= Exercise =
Repeat the data in full. Drop every picture.
Dataset extract section start
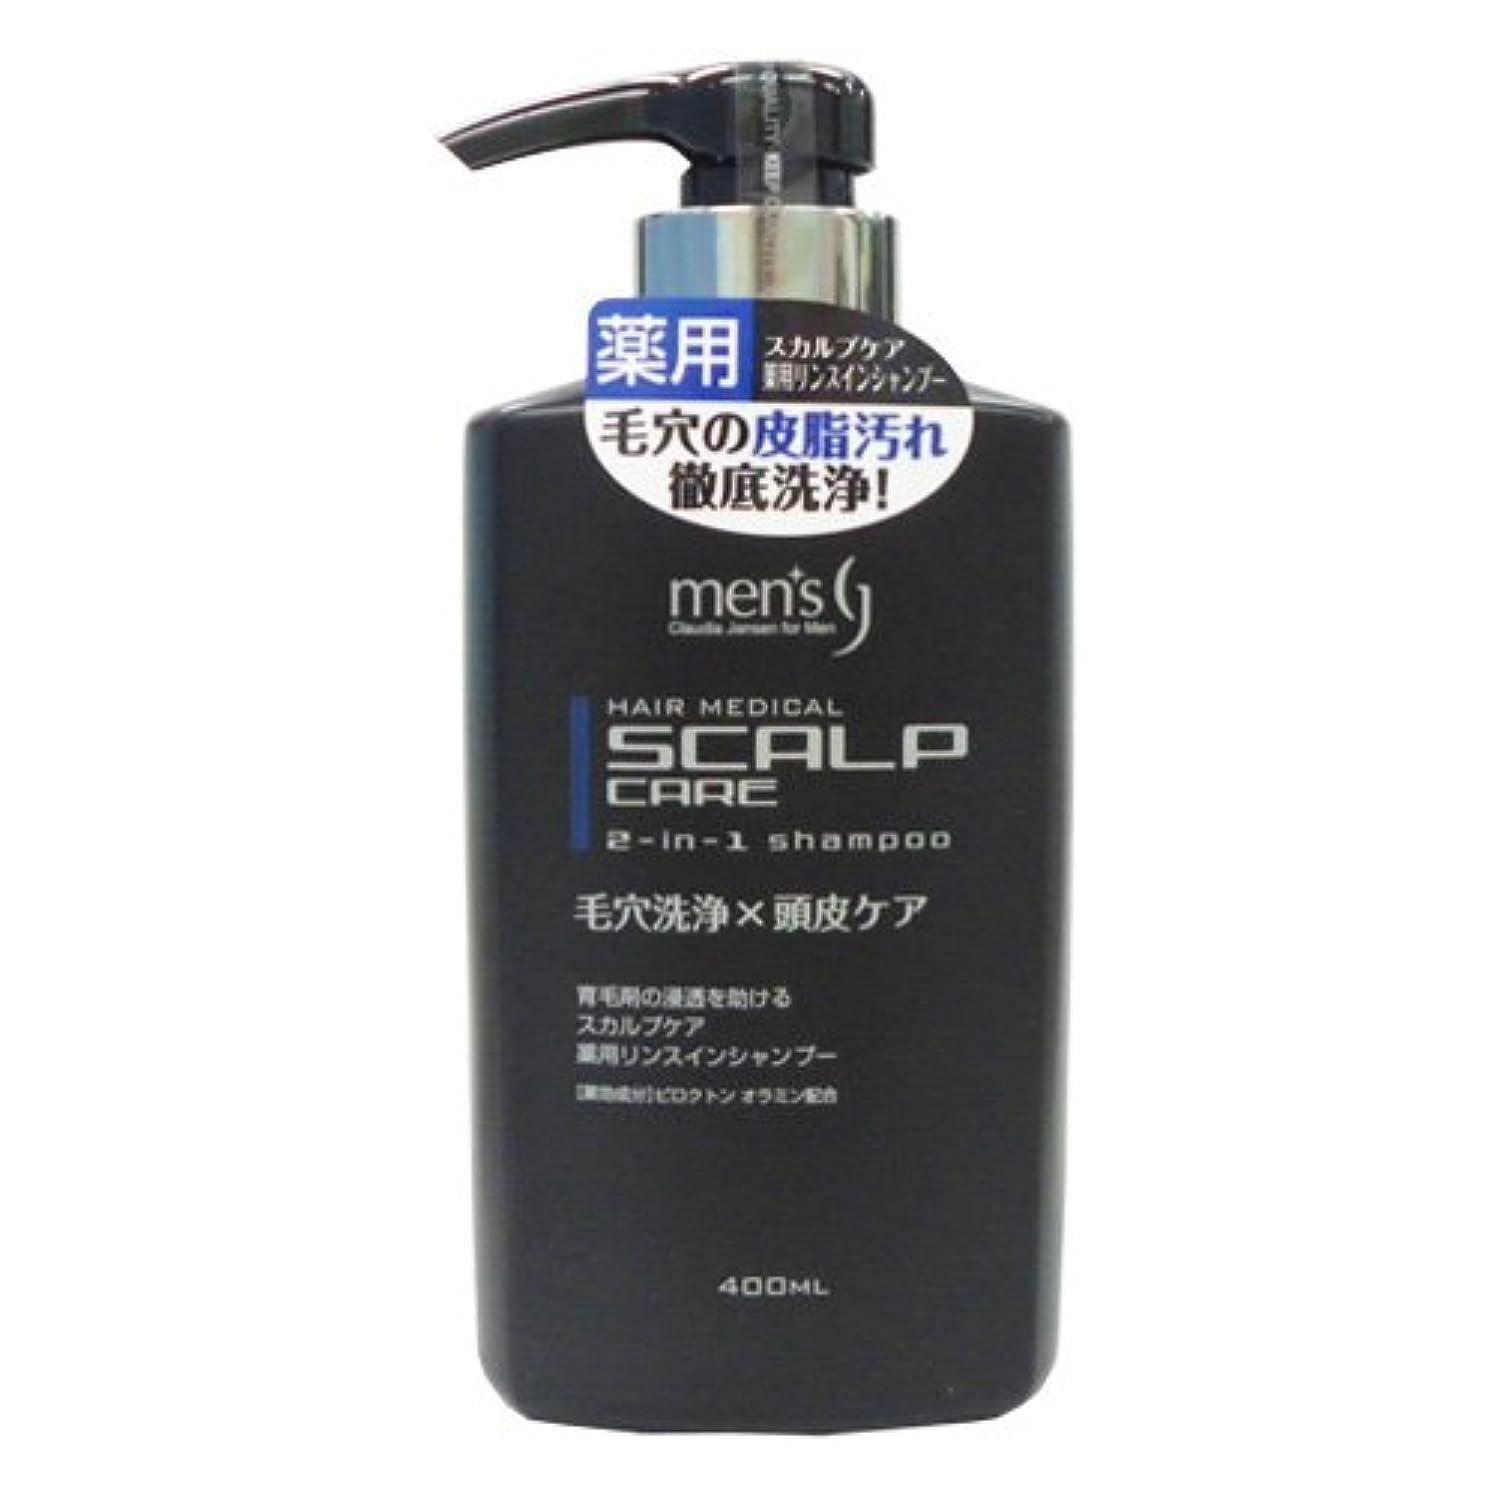 ミス毎回マイクロフォンスカルプケア薬用リンスインシャンプー 400ml 毛穴洗浄×頭皮ケア
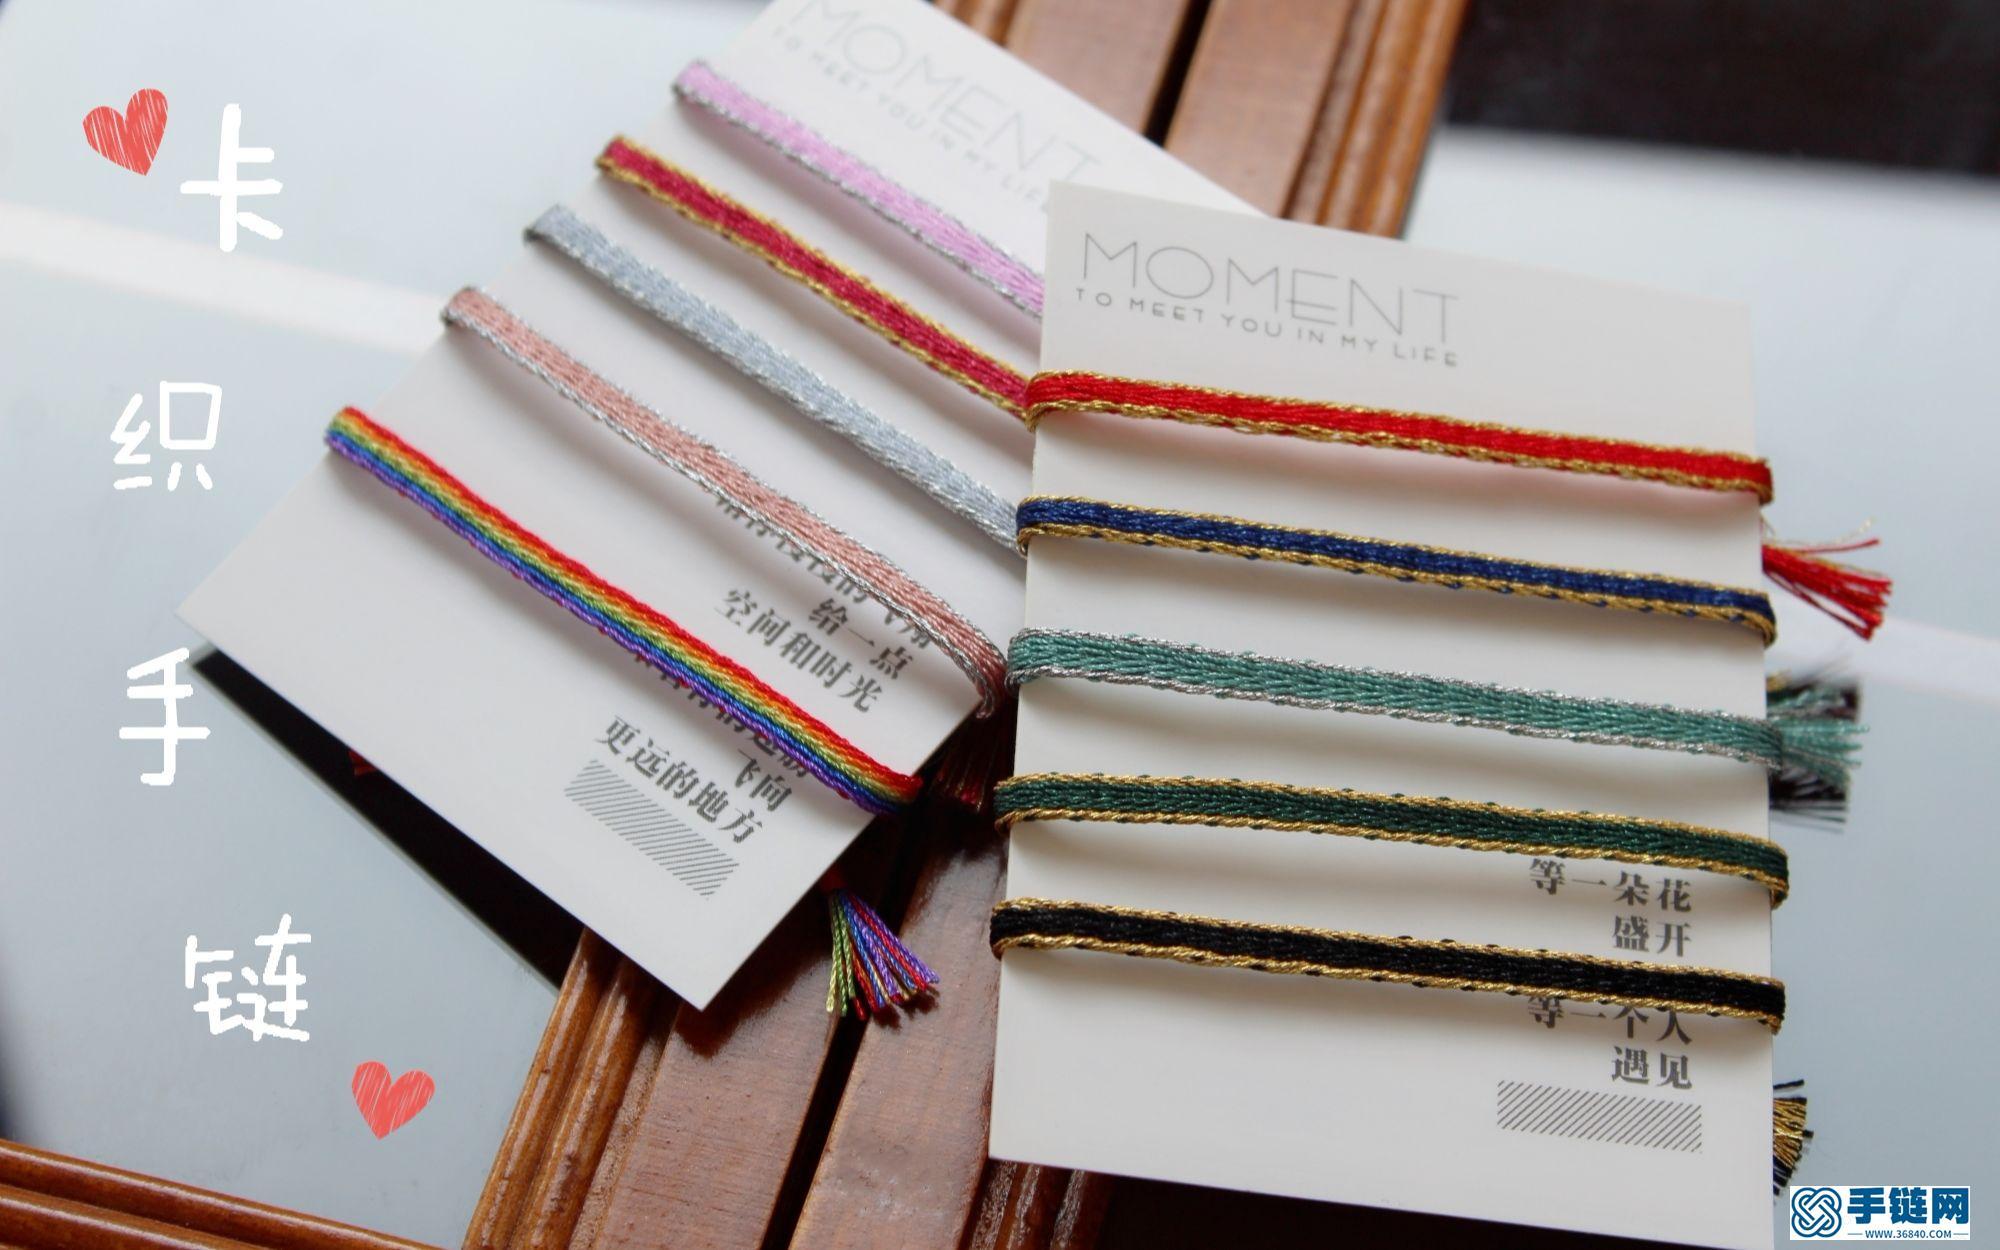 北欧卡织 细款撞色金银丝手绳 DIY 神奇小卡片翻一翻就可以织出精美的手链哦~
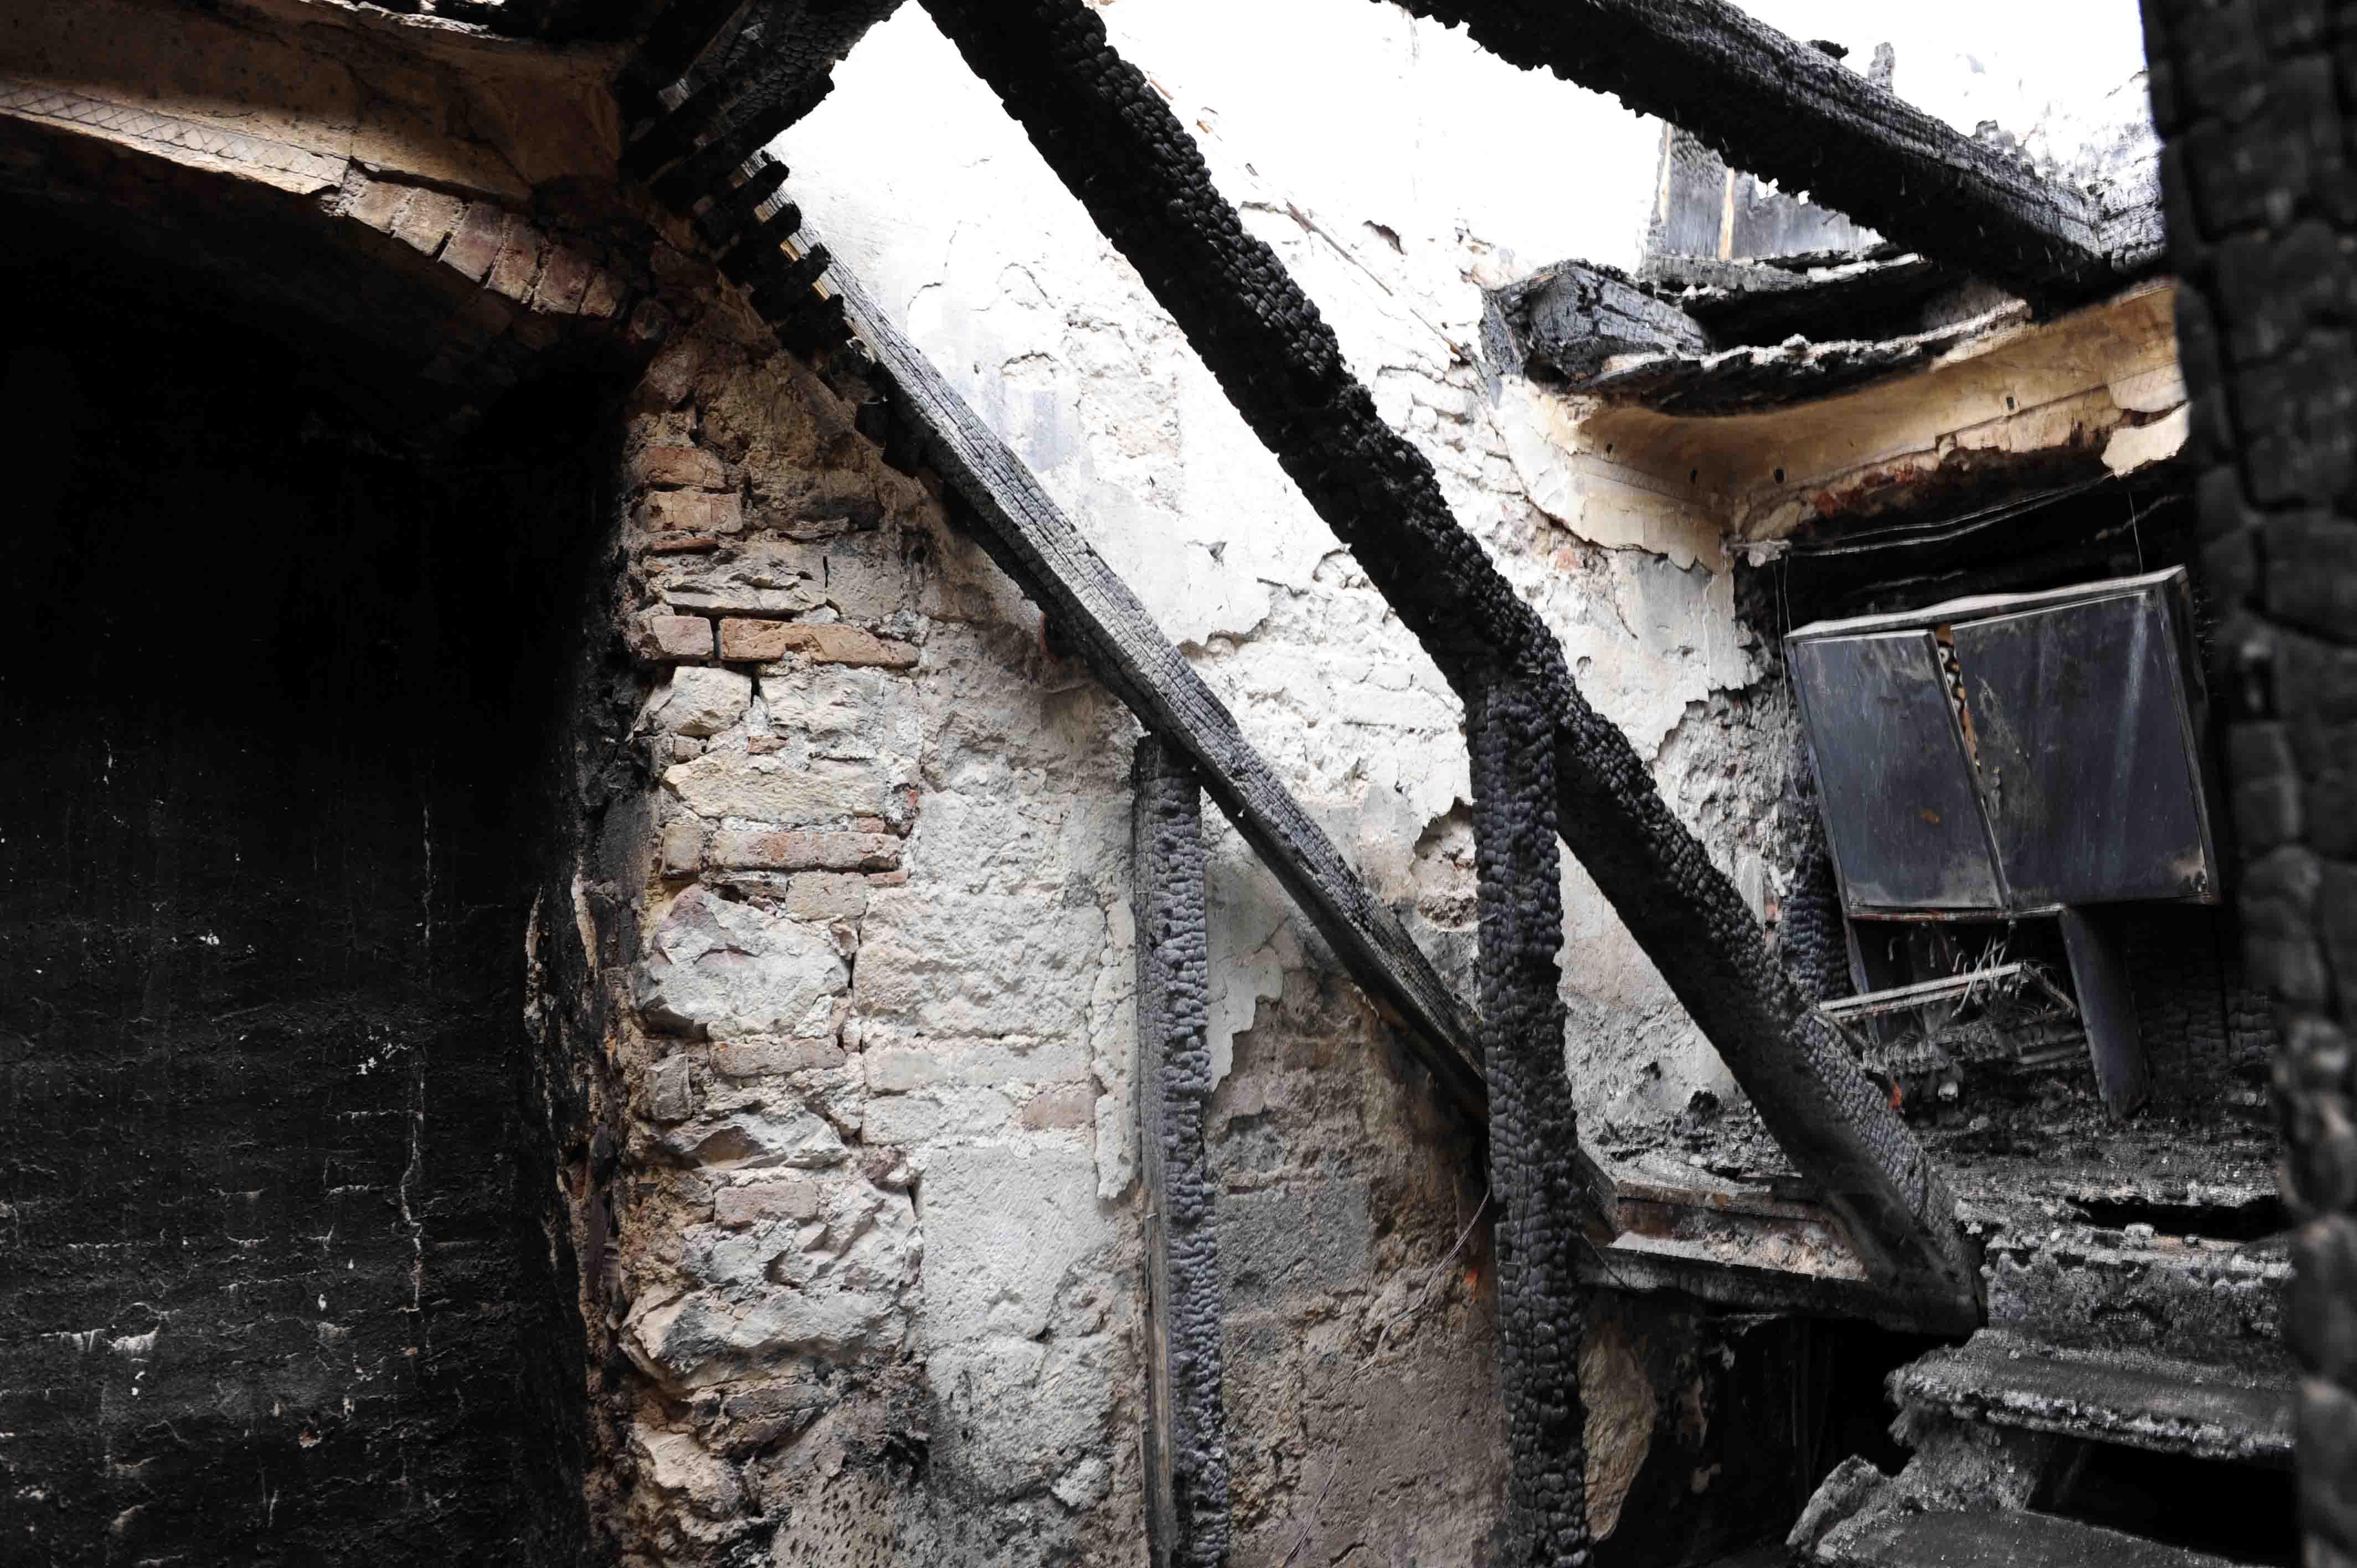 Die Sakristei: von dort aus hat sich der Brand entwickelt. Foto: Maria Steber /pba.
Dataset extract section end
= Written reply =
 ミス毎回マイクロフォンスカルプケア薬用リンスインシャンプー 400ml 毛穴洗浄×頭皮ケア
 北欧卡织 细款撞色金银丝手绳 DIY 神奇小卡片翻一翻就可以织出精美的手链哦~
 Die Sakristei: von dort aus hat sich der Brand entwickelt. Foto: Maria Steber /pba.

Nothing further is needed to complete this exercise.